Ten years ago five Adorers of the Blood of Christ were murdered in Liberia, where the congregation had had missionaries for twenty-two years. It seemed then that the deaths ended what the sisters had worked hard to build. God, though, told us long ago: "I have set before you life and death, blessings and curses. Choose life so that you and your descendants may live" (Dt 30:19). Now, ten years later, some of the picture does not look nearly as bleak as it did in 1992.

Three things are more obvious now than they were when the five Adorers were killed on 20 and 23 October 1992. One is that Liberia is still in the grip of a life-and-death struggle; another is that the paschal-mystery charism of the ASC's is in clearer focus for many members.

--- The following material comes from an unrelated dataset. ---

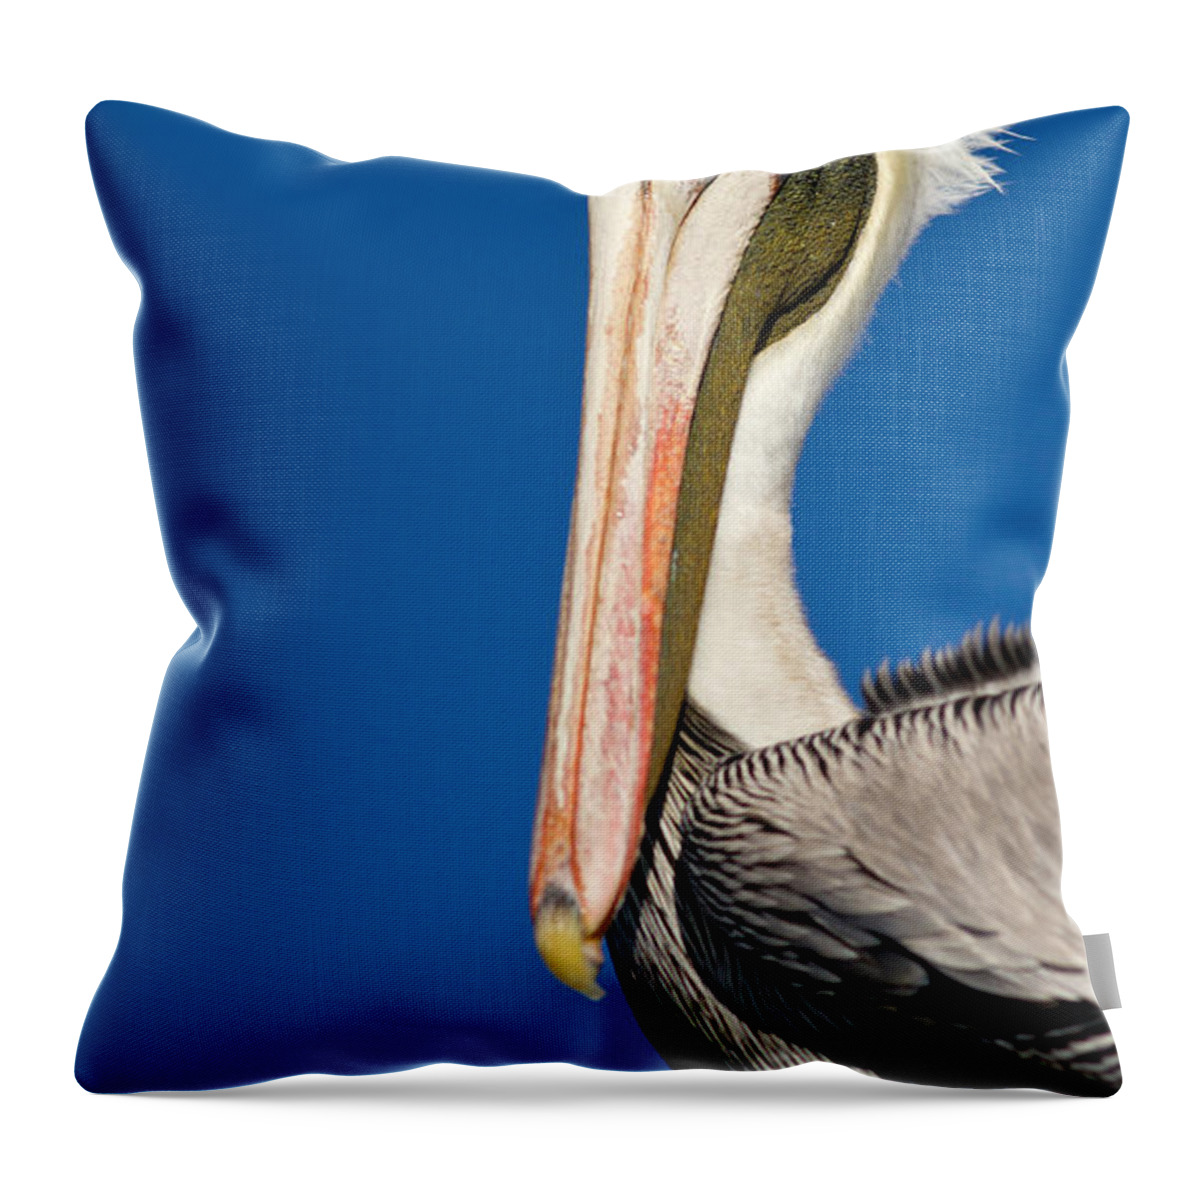 Portrait Throw Pillow featuring the photograph Pelican by Les Palenik

The third is that the ASC mission in Liberia has not ended with the deaths of the five missionaries. Commemorating the tenth anniversary and celebrating the lives of the five murdered ASC's, this article focuses not on their deaths but on the situation in Liberia and on the valiant spirits of people there who continue their legacy.

The community's mission in Liberia began in 1970 in the coastal village of Grand Cess, in the Cape Palmas diocese. By 1984 the Adorers had eleven sisters ministering in Gardnersville (a suburb of the capital city, Monrovia), in Kle, and in Grand Cess. In 1989 civil war broke out, with Charles Taylor leading the rebel forces. Allegedly, rebel soldiers shot Joel Kolmer ASC and Barbara Ann Muttra ASC on a Tuesday, while they were on a short automobile journey away from their Gardnersville convent, and three days later other rebels came to their convent and shot Kathleen McGuire, Agnes Mueller, and Shirley Kolmer. My community has had ten years to assimilate those stark facts, to grieve intensely, to remember lovingly, and now to celebrate gratefully those lives generously poured out.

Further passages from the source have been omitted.